After maturing in the thymus, T cells move through the circulation to other organs, including lymph nodes.  Lymph nodes are small lima-bean shaped organs that are spread throughout the body but occur in groups in areas where lymphatic vessels come together to form larger vessels such as in the groins, neck and axilla.  Lymph nodes are also part of the lymphatic system that includes the lymphatic vessels, lymphoid tissue and lymphoid organs.  Lymphatic vessels drain fluid (lymph) from peripheral tissues and bring it to the venous system.  Lymph consists of interstitial fluid that is similar to blood plasma but with a lower protein concentration, lymphocytes and macrophages.   Lymph nodes filter and purify the lymph before it flows into the venous system.

Functions:

The location and structural organization of lymph nodes makes them perfect for the above functions.  They are positioned so that all lymphatic vessels draining back to the venous circulation from the tissues pass through a lymph node. The afferent lymphatic vessels branch outside the organ, penetrate the capsule and empty into the subcapsular sinus. From here the lymph flows into and through cortical sinuses enabling the lymph to come in close contact with cells in the cortex of the node. In the medulla there are also sinuses (medullary sinuses) that enable the lymph to flow toward the hilum and enter efferent lymphatic vessels. Eventually the filtered lymph enters the bloodstream through the thoracic duct or right lymphatic duct.

Lymph nodes are surrounded by a fibrous connective tissue capsule that enters the organ as trabeculae that define a cortex and medulla. The capsule and trabeculae are the source of reticulin fibers that are found throughout the node and form the  main supporting network of the organ.  These fibers serve to keep the sinuses open and to support the massive number of lymphocytes and macrophages.  Beneath the capsule is a subcapsular sinus into which lymph flows from the afferent lymphatic vessels.

 

Histological organization:

The cortex is composed of the cortical sinuses surrounded by dense accumulations of lymphocytes.  In the more superficial cortex the lymphocytes are arranged into spherical follicles, lymphoid follicles.  It is here that B lymphocytes are activated and undergo proliferation.  

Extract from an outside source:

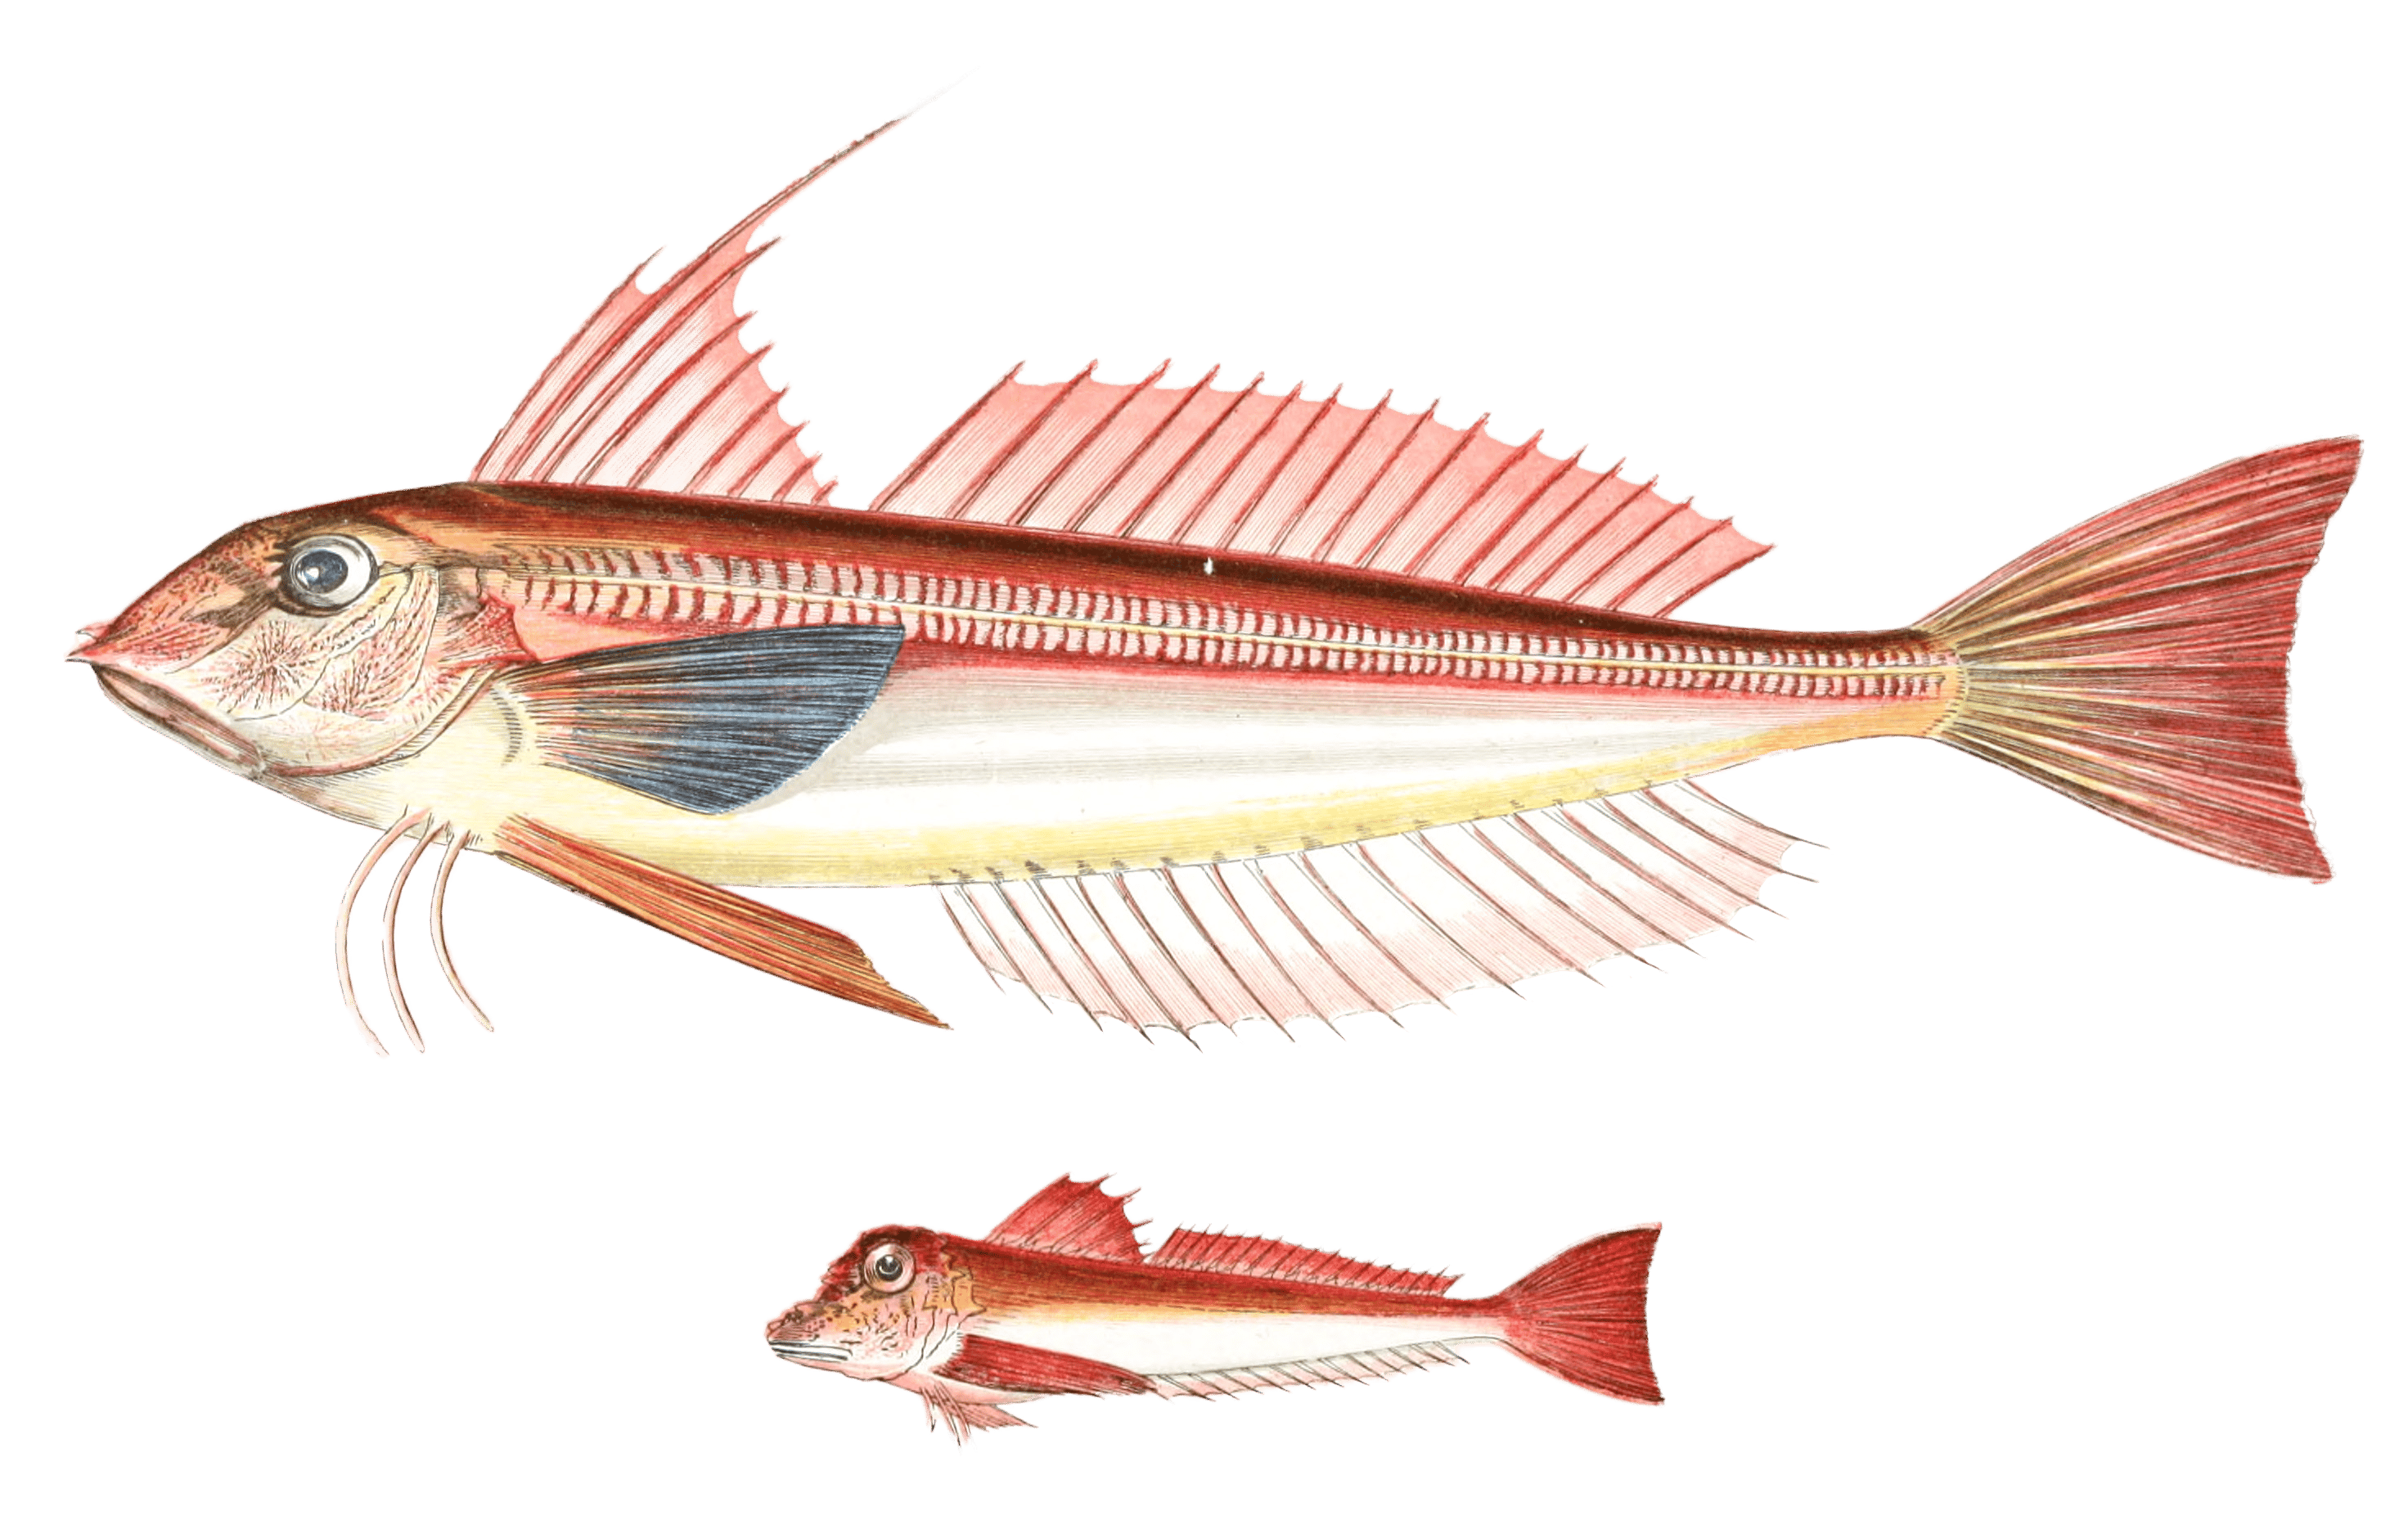 Gurnard Fish 2 Vintage Illustration

Germinal Center (GC) -  contains pale-staining cells. The open, pale-staining nature of the nuclei of these cells indicate that they are B lymphocytes undergoing active proliferation. Other cells include:

  • follicular dendritic cells that present antigen to the B cells
  • tingible body macrophages that engulfed dead B cells that have died by apotosis

 

Functional aspects:  resting B cells enter the lymph node parenchyma though the high endothelial venules and if they encounter an antigen with which they can react, they then enter the cycle of blast transformation to produce clones of plasma cells and B memory cells. This production of clones occurs in the germinal centers of lymphoid follicles.

 

Paracortical zone - deeper regions of the cortex contain primarily T lymphocytes that do not form into follicles.  T lymphocytes (helper and cytotoxic/suppresor) arrive through the circulation, enter the lymph node parenchyma through the high endothelial venules and take up residence in the paracortical zone.  If activated, the T lymphocytes undergo active proliferation to produce expanded clones of activated T lymphocytes.  

Functional aspects: T lymphocytes that arrive at the lymph node via the arterial blood stream gain access to the parenchyma of the lymph node through the wall of the high endothelial venules located in the paracortical zone.  These blood vessels contain endothelial cells that are expressing specific lymphocyte binding molecules called addressins.  These surface molecules are available to bind to lymphocytes that recognize them, the lymphoctyes bind to the surface of the endothelium, then cross the vessel wall and enter the lymph node parenchyma.

 

Micrographs of lymph node of a cat. (Lab slide 205)

 

Mantle zone (corona) - The germinal center is surrounded by a ring of darker-staining cells.  The condensed nature of their nuclei indicates that these  are resting B cells. Also present in the mantle zone are T helper cells, macrophages and dendritic cells.

 

In a T cell-dominated response, the paracortical zone of the lymph nodes may be greatly enlarged. Interdigitating dendritic cells are the main antigen presenting cell in the paracortical zone.

 

 

 

The Medulla

The medulla of a lymph node is composed of medullary cords interspersed between medullary sinuses

 The medullary cords are composed of  plasma cells producing  antibodies, their precursors, macrophages and T helper cells. The most prominent cell in the cord is the precursor to plasma cells or immunoblasts that came from the germinal centers of the lymphoid follicles in the cortex of the node.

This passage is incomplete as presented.